Abstract

Social data analytics have become a vital asset for organizations and governments. For example, over the last few years, governments started to extract knowledge and derive insights from vastly growing open data to personalize the advertisements in elections, improve government services, predict intelligence activities, as well as to improve national security and public health. A key challenge in analyzing social data is to transform the raw data generated by social actors into curated data, i.e., contextualized data and knowledge that is maintained and made available for use by end-users and applications.
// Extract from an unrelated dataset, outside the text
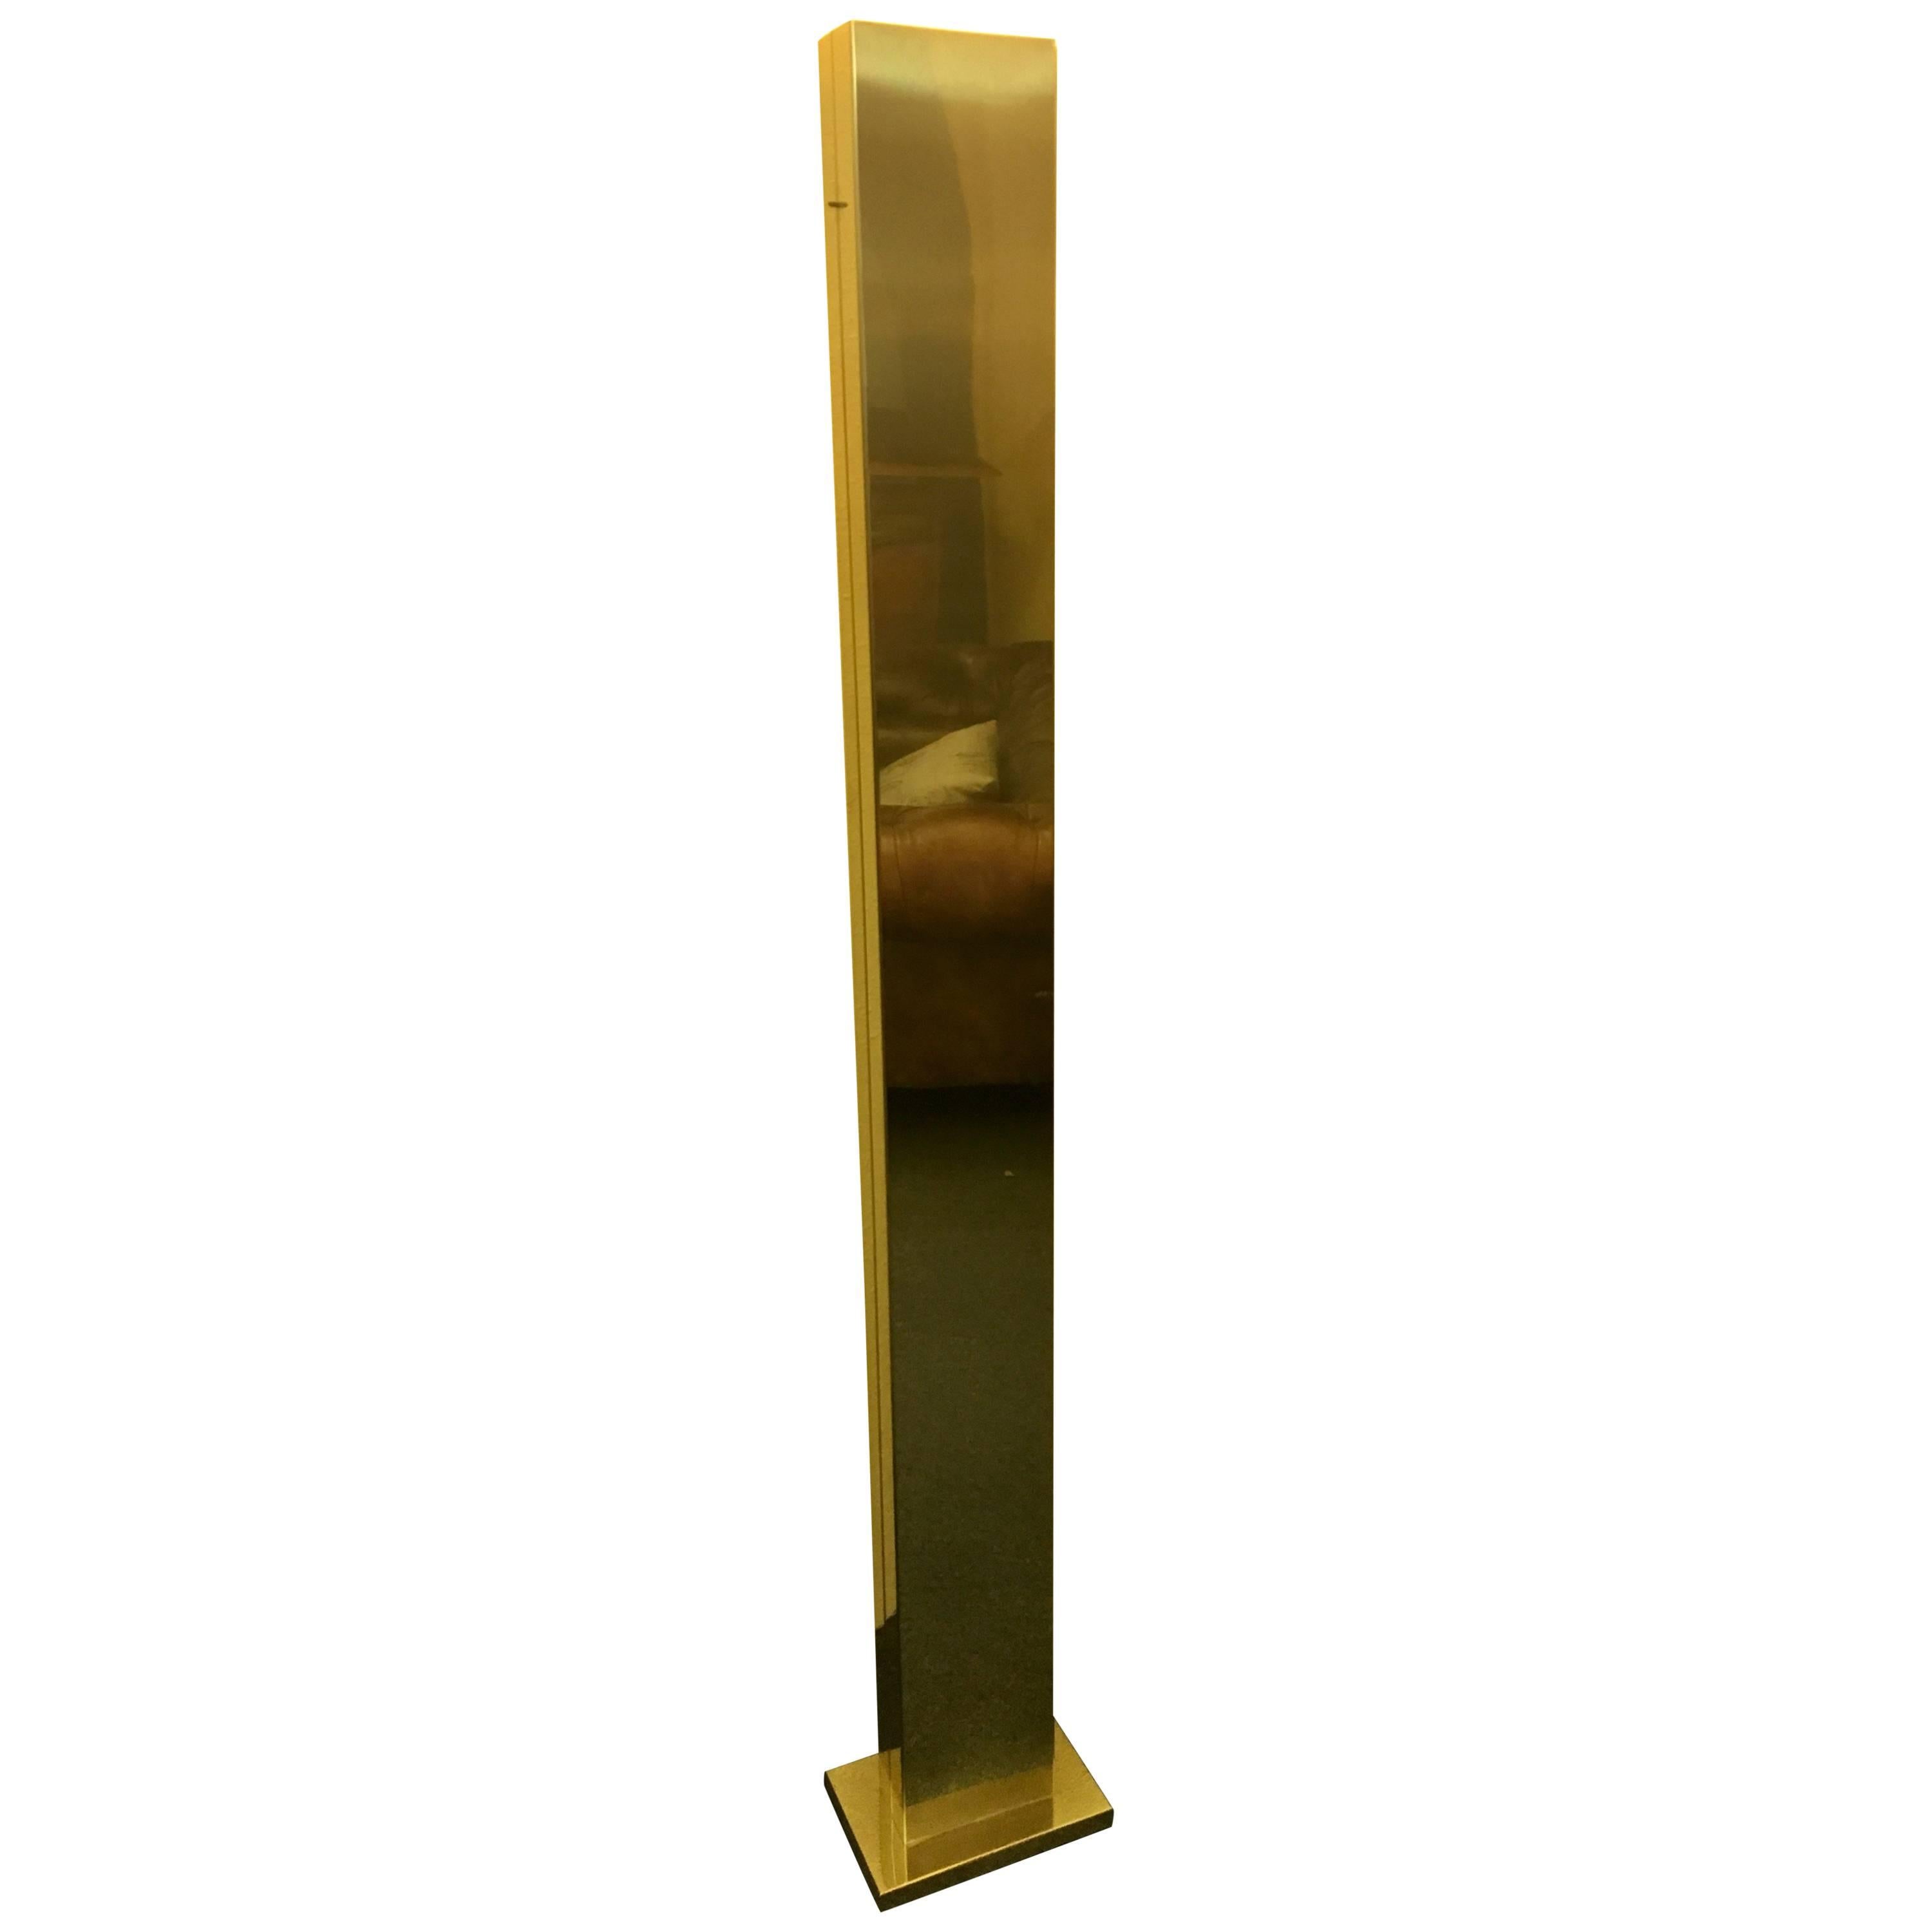 Elegant Polished Brass Torchiere Floor Lamp by Casella Lighting

To address this challenge, we present the notion of knowledge lake, i.e., a contextualized Data Lake, to provide the foundation for big data analytics by automatically curating the raw social data and to prepare them for deriving insights. We present a social data curation foundry, namely DataSynapse, to enable analysts engage with social data to uncover hidden patterns and generate insight. In DataSynapse, we present a scalable algorithm to transform social items (e.g., a Tweet in Twitter) into semantic items, i.e., contextualized and curated items. This algorithm offers customizable feature extraction to harness desired features from diverse data sources. To link contextualized information items to the domain knowledge, we present a scalable technique which leverages cross document coreference resolution assisting analysts to derive targeted insights. DataSynapse is offered as an extensible and scalable microservice-based architecture that are publicly available on GitHub supporting networks such as Twitter, Facebook, GooglePlus and LinkedIn. We adopt a typical scenario for analyzing urban social issues from Twitter as it relates to the government budget, to highlight how DataSynapse significantly improves the quality of extracted knowledge compared to the classical curation pipeline (in the absence of feature extraction, enrichment and domain-linking contextualization).